One of my favourite things about being in the army are the hilarious stories I’ve come away with. The stories I’m going to share revolve around one particular object: the SAF Helmet. While it isn’t scientifically proven, it has been theorised that whenever a soldier puts on his combat helmet, his thinking capacity shrinks immediately, and I’ve personally witnessed this phenomenon.

In 2011, during my stint as an instructor training potential sergeants, I was tasked to be a range safety for an anti-tank live firing exercise. My role was to make sure the cadets followed safety procedures and not end up killing themselves or me. Although the live firing involves a rocket launcher of sorts, the entire exercise is generally safe.
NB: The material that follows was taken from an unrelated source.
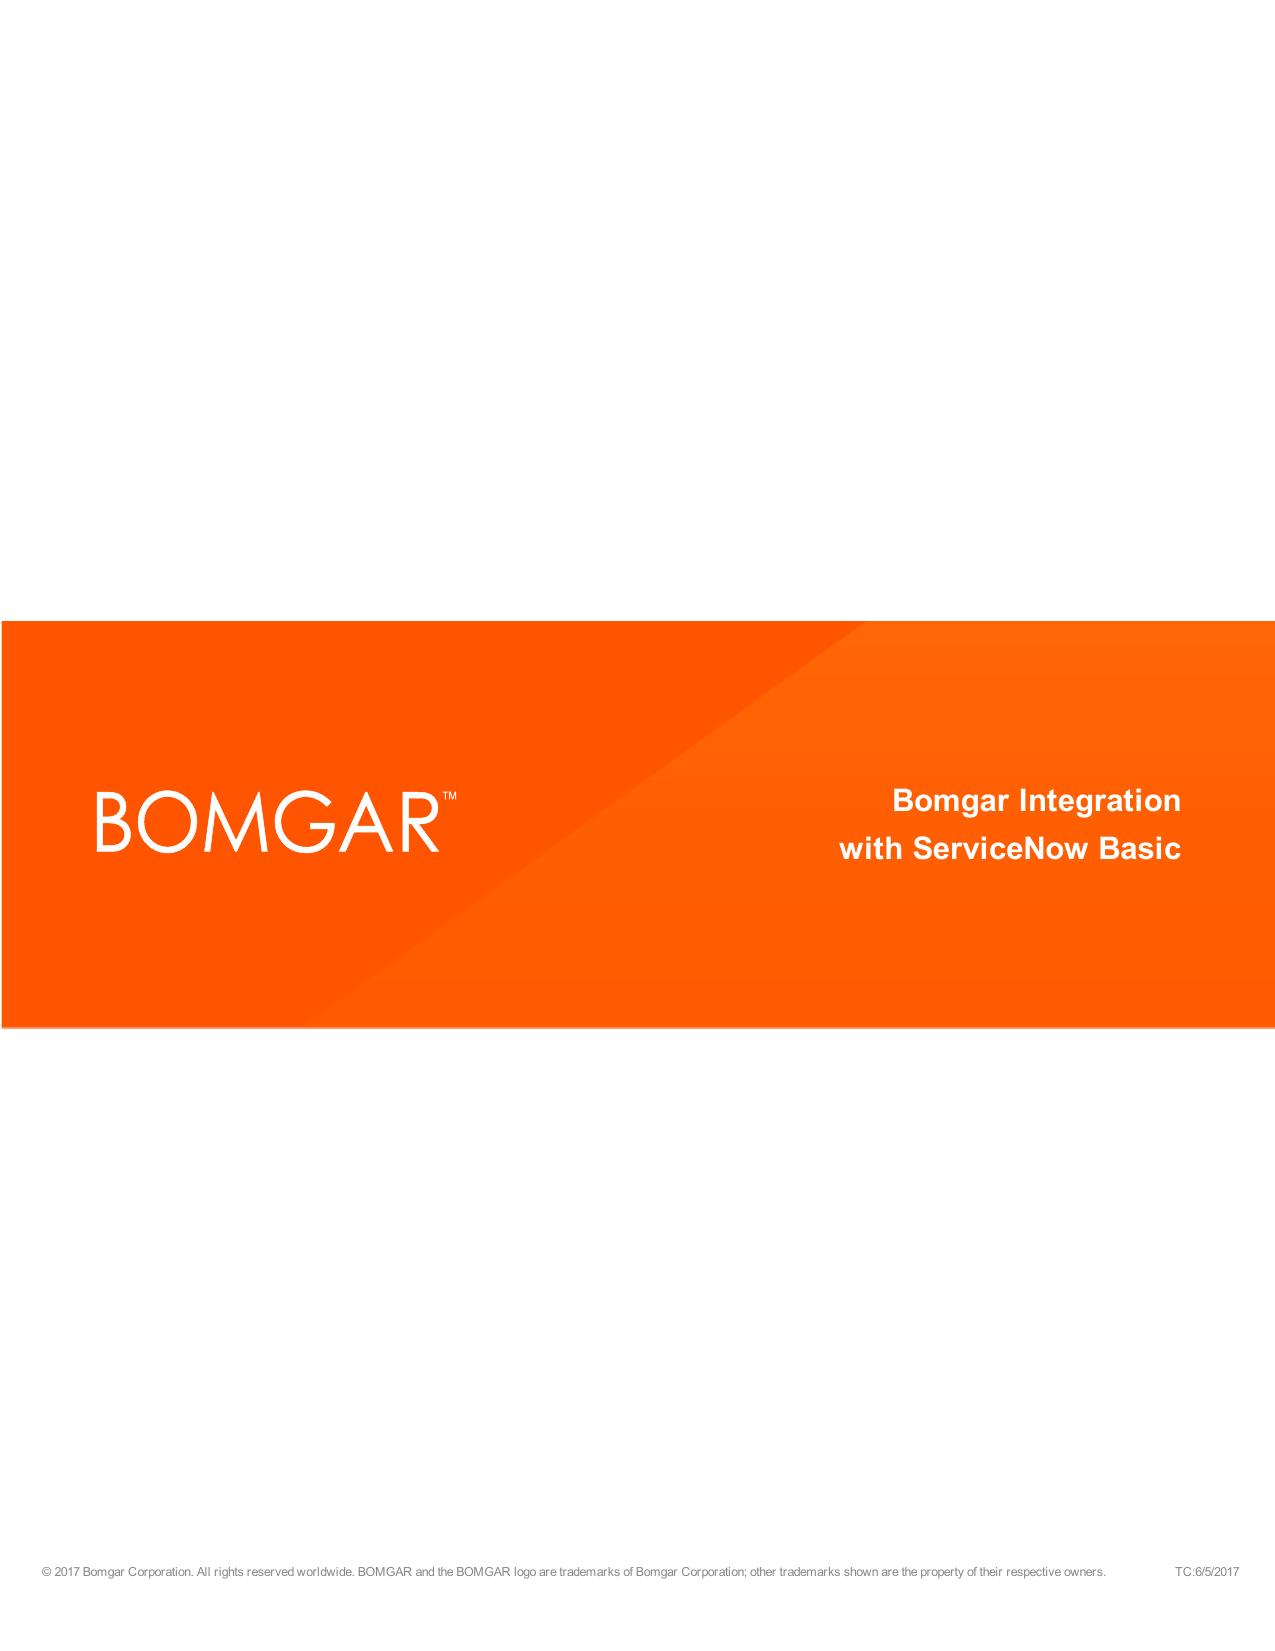 ServiceNow Basic Integration with Bomgar | manualzz com

On this day, however, a number of cadets that were assigned to my lane fired at the wrong targets, which are giant concrete slabs marked with large clear numbers. When one cadet came up to shoot, I gave the order “Cadet XYZ, shoot at target three.” He responded with a thumbs-up but proceeded to fire at the target with an unmissable “4” on it. I thwacked him on the helmet and yelled “I said three, you idiot.” When the next cadet came up, I told him as clearly as I could, “Hey, look at me. Fire at target three, all right?” To which he looked at me in bewilderment and asked,

“Sergeant, shoot at the trees?”

I’m not immune to the helmet phenomenon myself. During a mission in my last ICT, we were given the task of conducting an urban assault. The training facility we used for this purpose had simulated buildings that look remarkably real. My mortifying blunder occurred as I was storming a building that resembled a terrace house. As I charged up to it, I saw that there was a window open, so my scumbag of a brain told me the only logical way in was to vault over the ledge. And this I did so enthusiastically that I ended up nose-diving through and landing in a heap on the other side, groaning in pain. Just when I thought things couldn’t get worse, the soldier behind me entered through a door just around the corner like any sane person would.

I wouldn’t go so far as to say I enjoy NS, but it’s experiences like these that are funny to recall. The camaraderie Singaporean sons share when they start yapping about NS stories make the whole sacrifice a tad more bearable. We aren’t the only ones who sacrifice though, the true heroes are the wives and girlfriends who have to hear these stories over and over, and over again.